NorthSec 2025

The perpetual race to safeguard and secure our infrastructures have given birth to robust defensive mechanisms, such as antiviruses (AV), Endpoint Detection and Response (EDRs), and Extended detection and response (XDR) just to name a few. Over the years the detection methodologies employed by them have evolved. From the very basic string and hash matching techniques, defensive mechanisms have enhanced their capabilities by employing machine learning, in memory scanning and other sophisticated techniques. From the perspective of a malware developer, developing malware is considerably easier as compared to evading it.
In this talk we will discuss various techniques employed by malware developers to circumvent detection measures implemented by modern day AVs and EDRs.

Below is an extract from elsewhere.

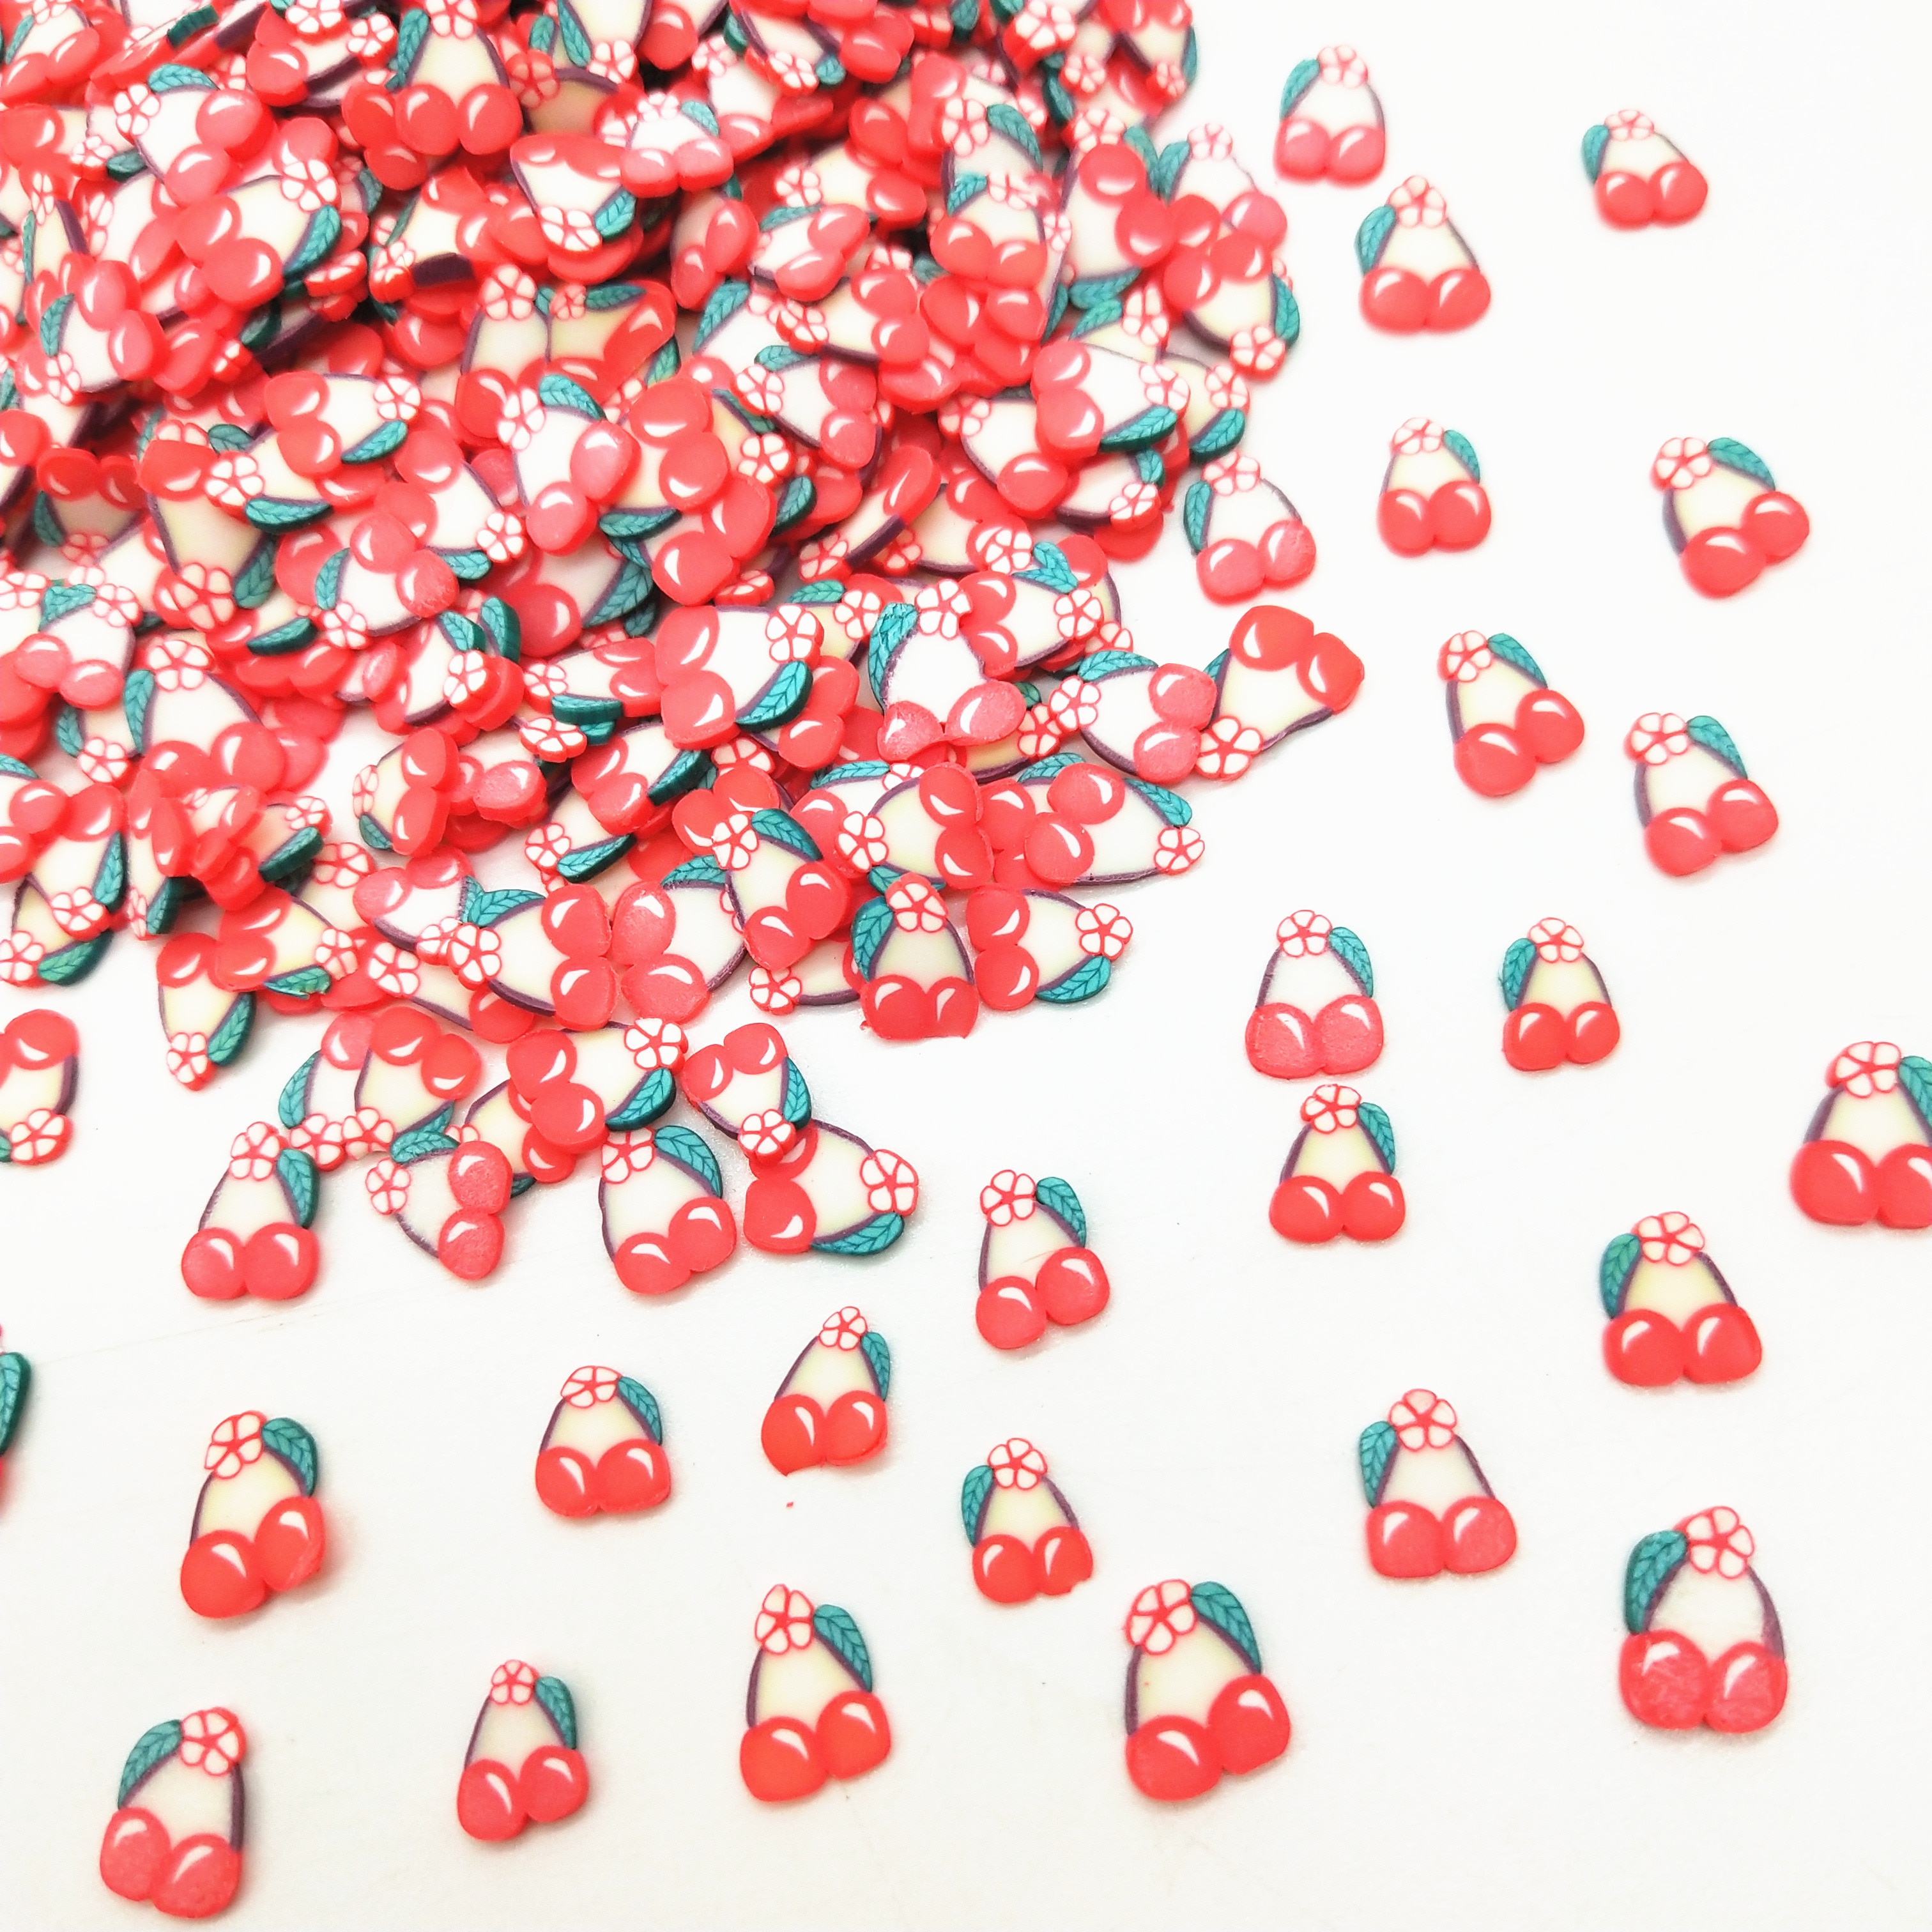 20 G/partij 5Mm Rode Kers Polymeer Klei Voor Diy Ambachten Plastic Klei Modder Deeltjes Fruit Kersen Klei

This talk will solely focus on the Windows ecosystem. We will discuss the nitty gritties of the Windows OS, followed by various detection techniques implemented by AVs and EDRs. After understanding the detection methods we will shift our focus on various techniques that can be implemented to bypass aforementioned detection techniques. Some techniques included are Unhooking, BlockDLL, Repatching, API Hashing, ETW and AMSI patching etc.
In order to better understand the concepts discussed, we present real life PoCs. These PoCs will showcase the discussed evasion techniques on a popular red teaming tool (Juicy Potato). The implemented techniques will be tested against ‘Windows Defender’, a popular and widely used inbuilt AV solution by Microsoft. Furthermore these PoCs will showcase the exact detection methods and how we were able to bypass them to gain access.